_How to complete this task:_ Word for word, restate the lines of the data below between those holding "Main Image - Hudson" and "Google Maps Navigation", inclusive; pictures do not belong in the copy.

_Records shown:_
-- Opening Marker --

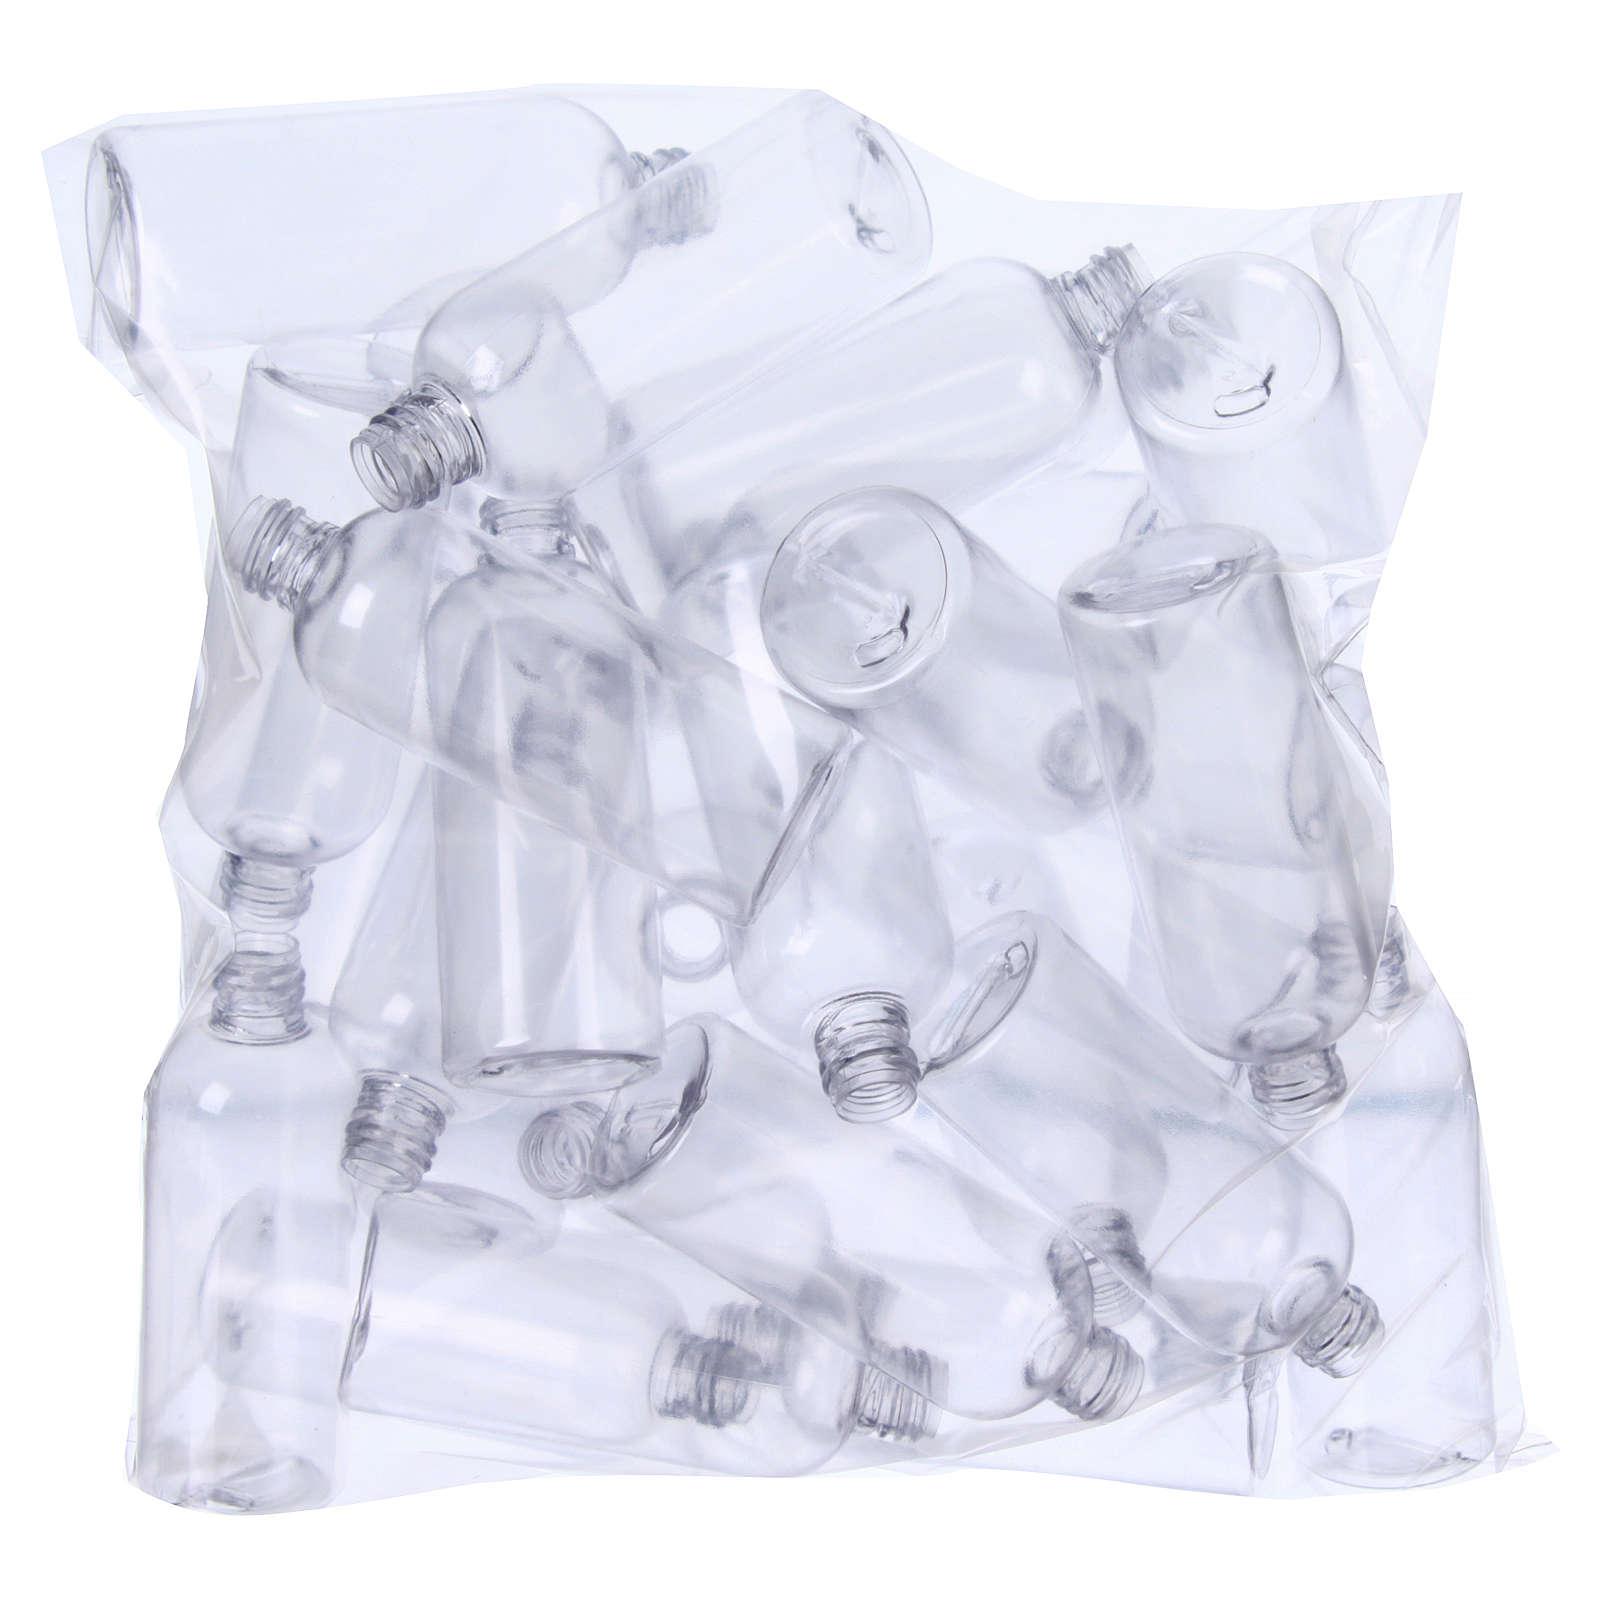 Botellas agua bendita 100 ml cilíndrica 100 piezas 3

-- Closing Marker --
-- Opening Marker --

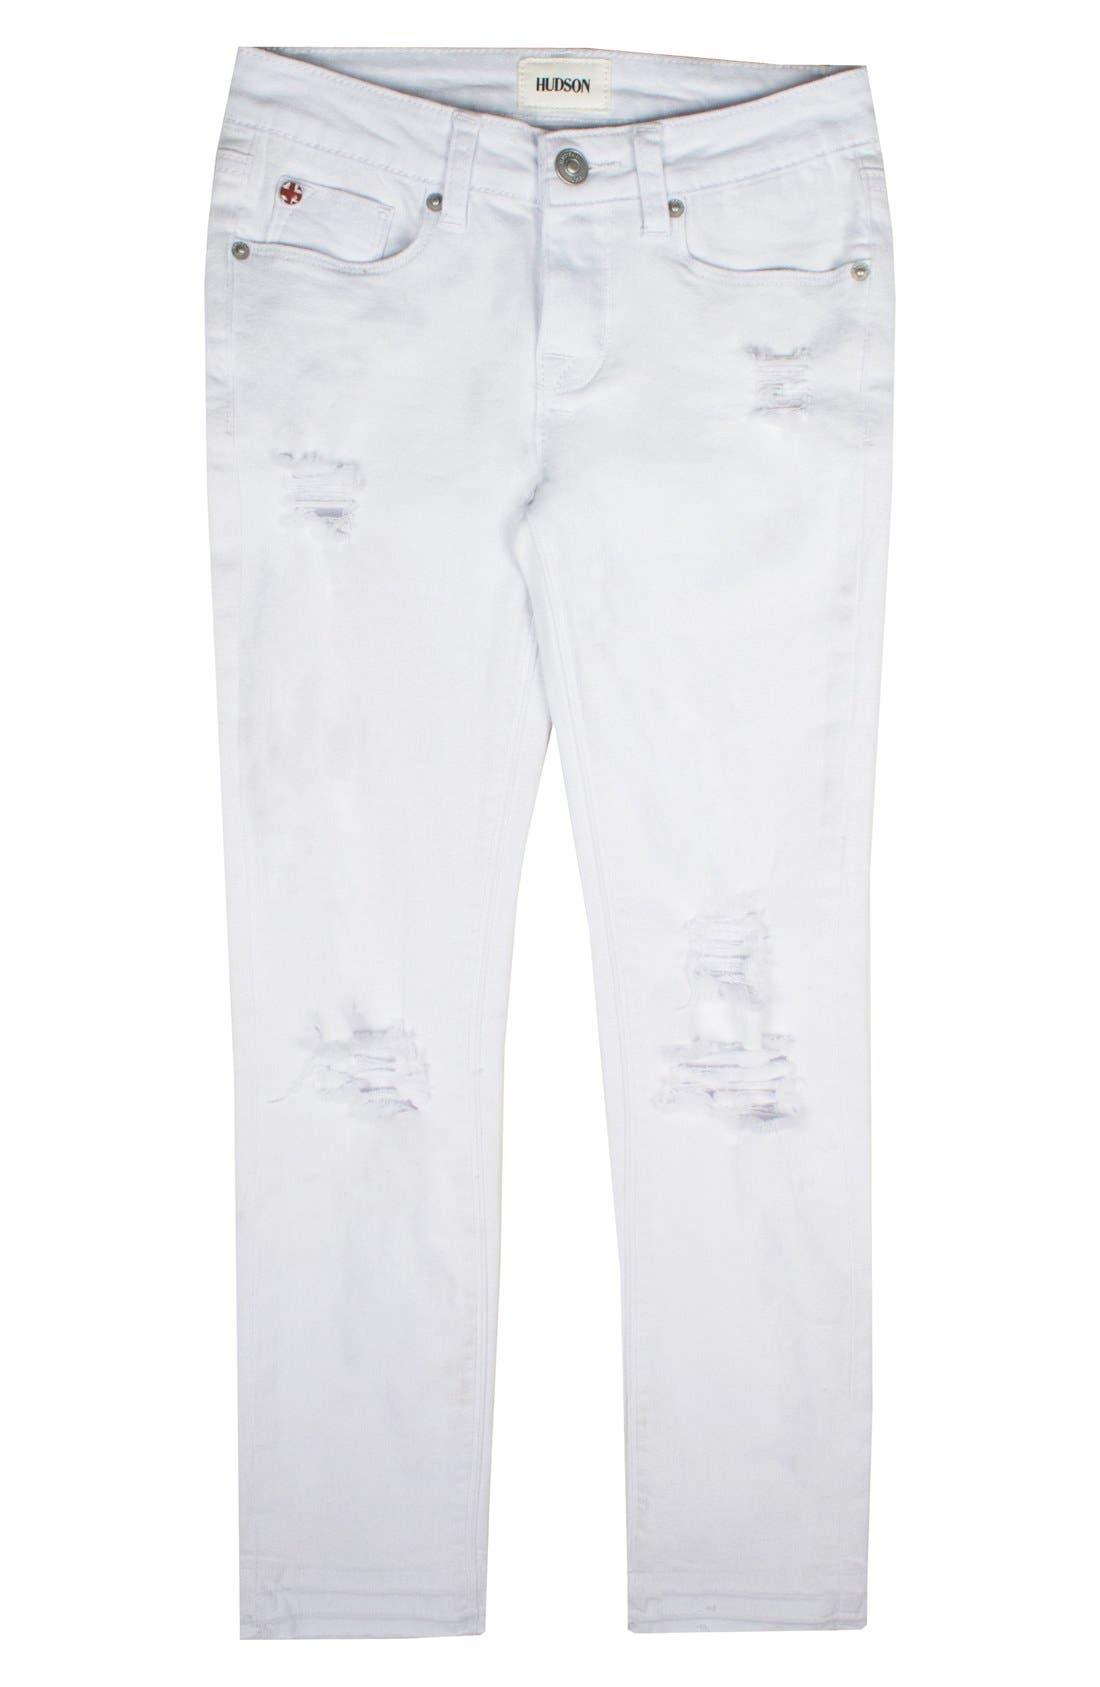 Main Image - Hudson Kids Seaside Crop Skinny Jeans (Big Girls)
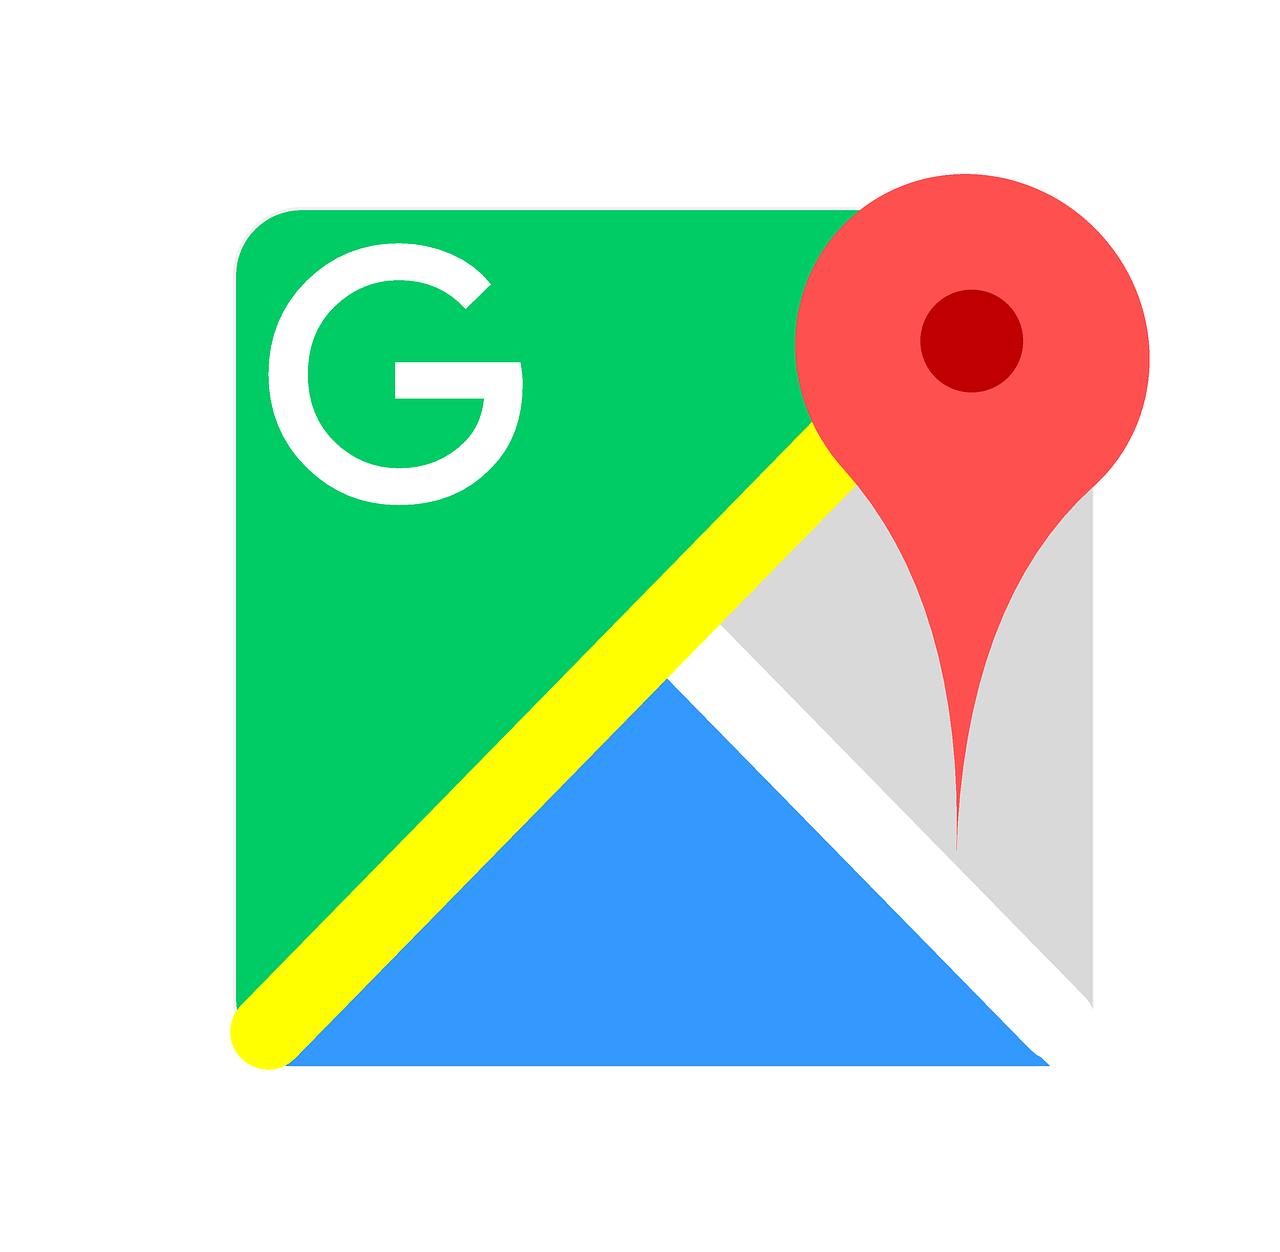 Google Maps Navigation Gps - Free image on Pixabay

-- Closing Marker --
-- Opening Marker --

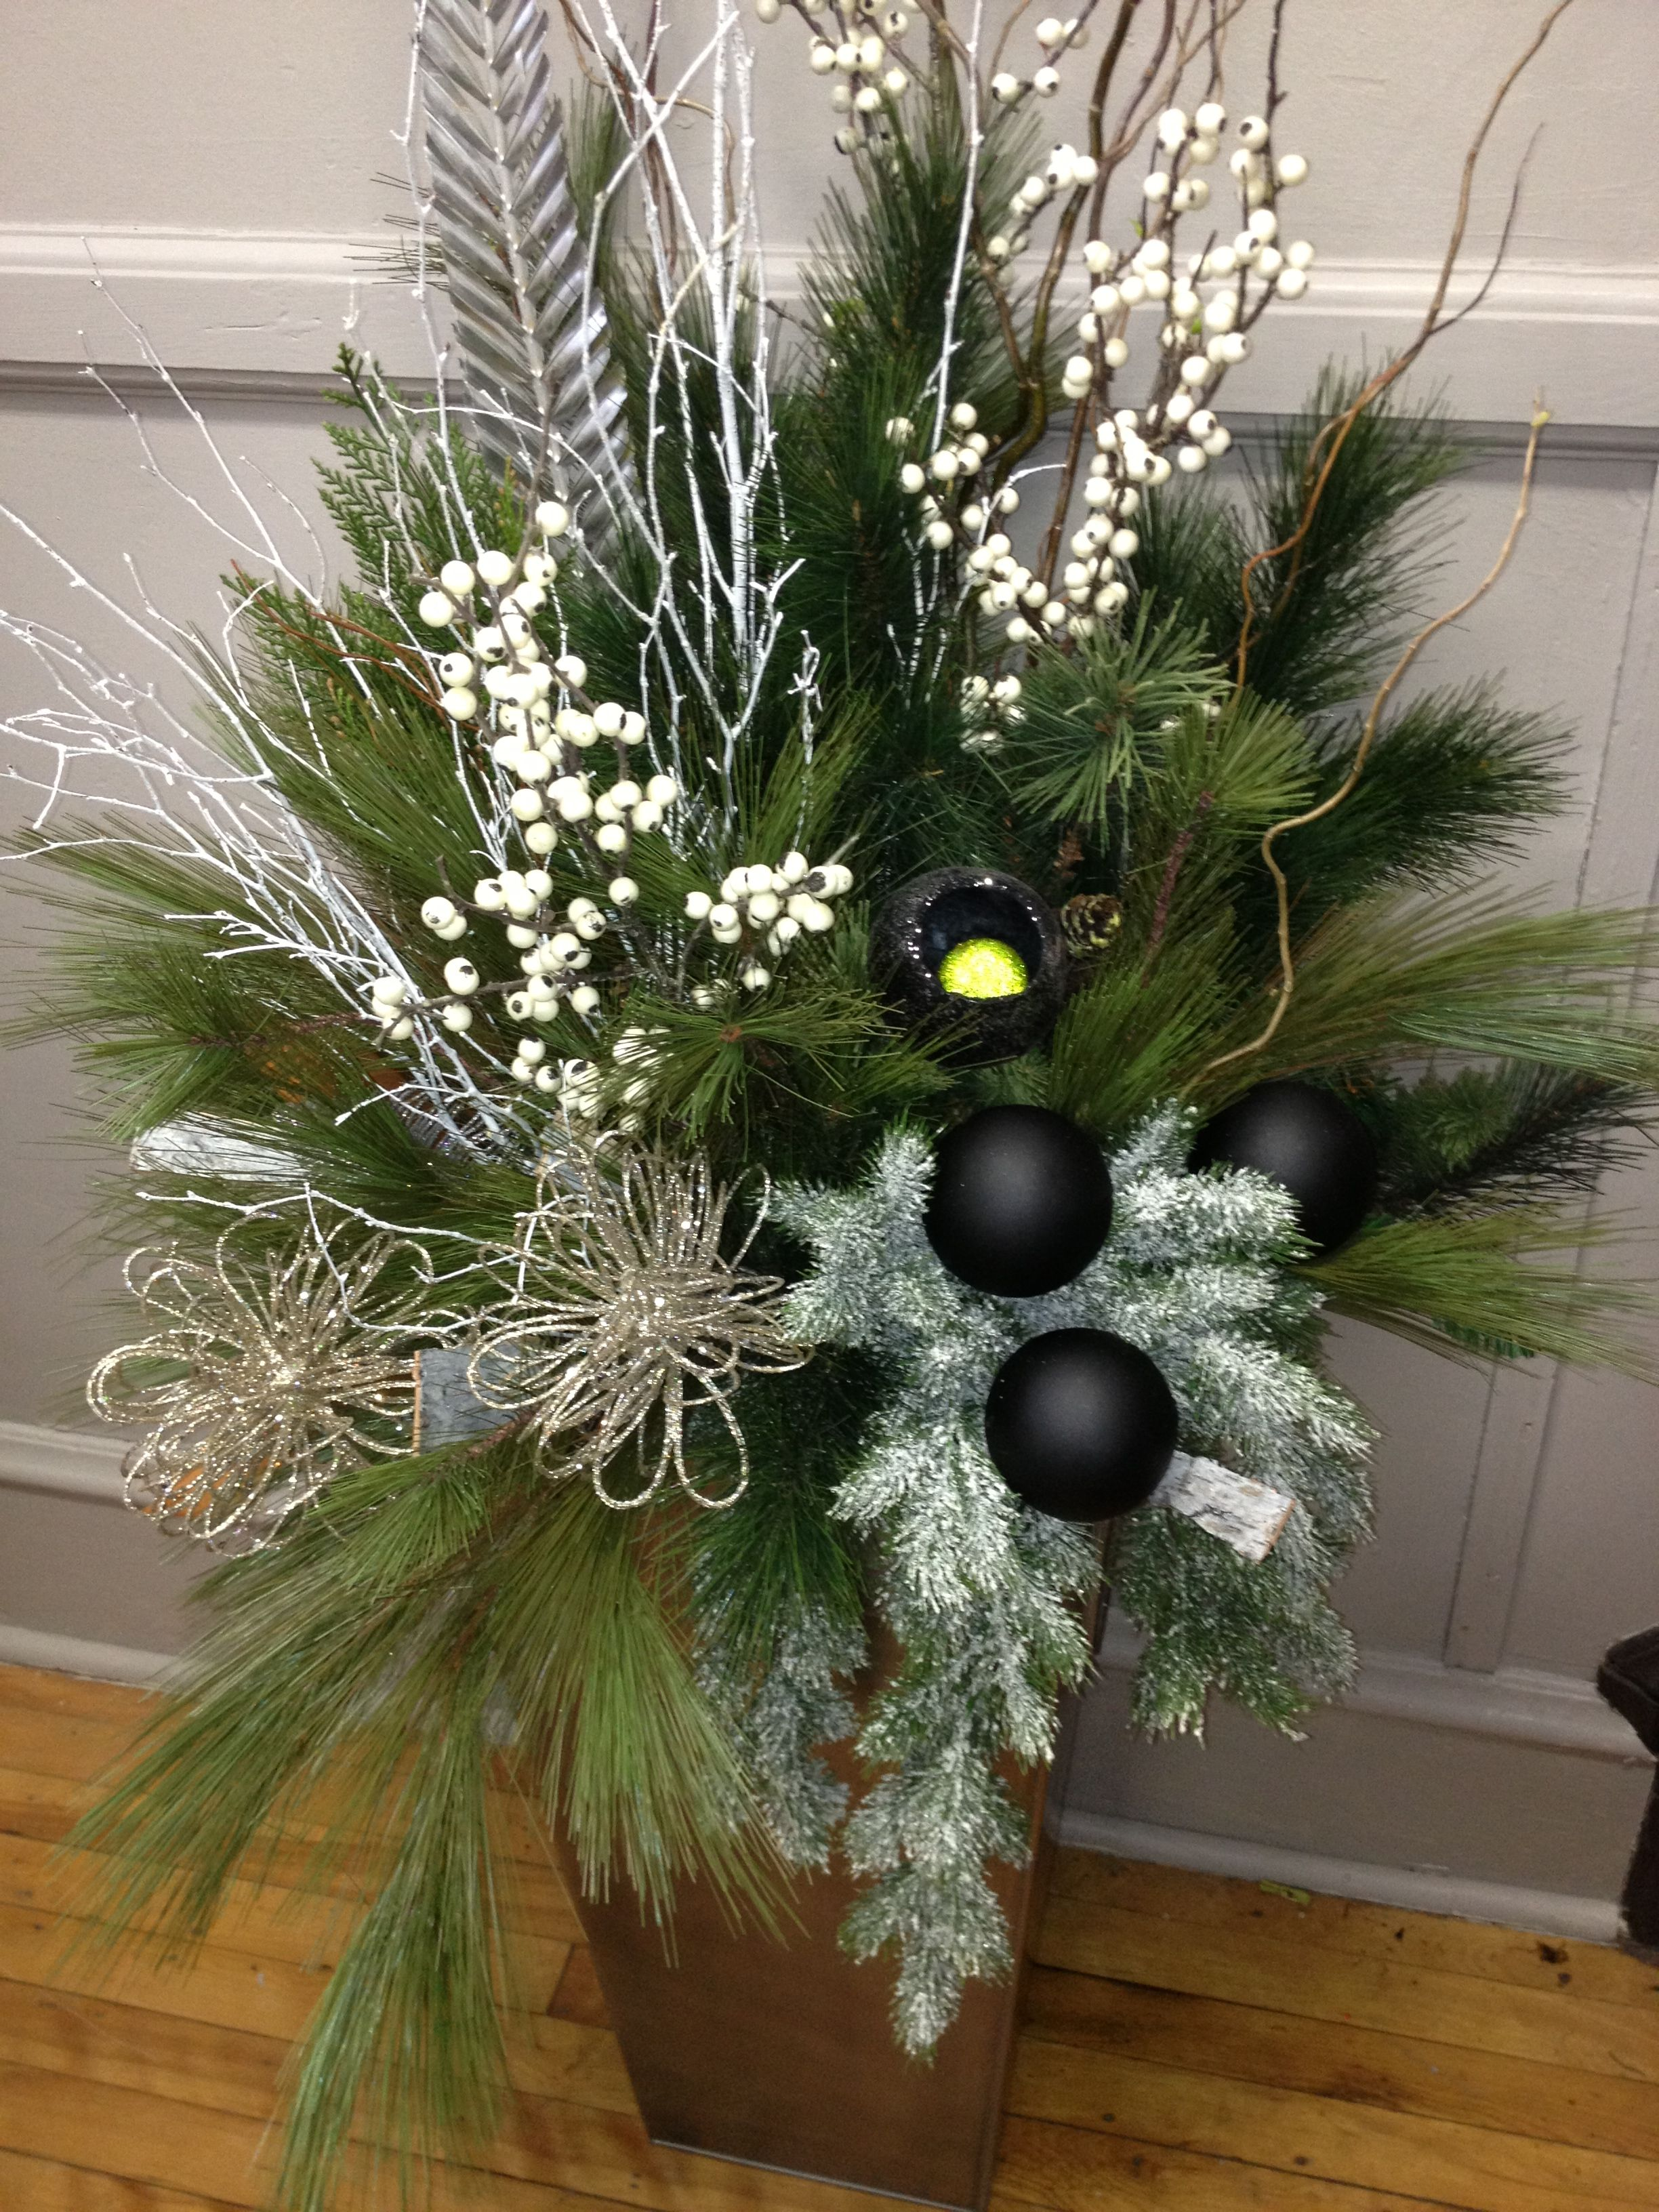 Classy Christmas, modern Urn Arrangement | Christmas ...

-- Closing Marker --

_Task answer:_
 Main Image - Hudson Kids Seaside Crop Skinny Jeans (Big Girls)
 Google Maps Navigation Gps - Free image on Pixabay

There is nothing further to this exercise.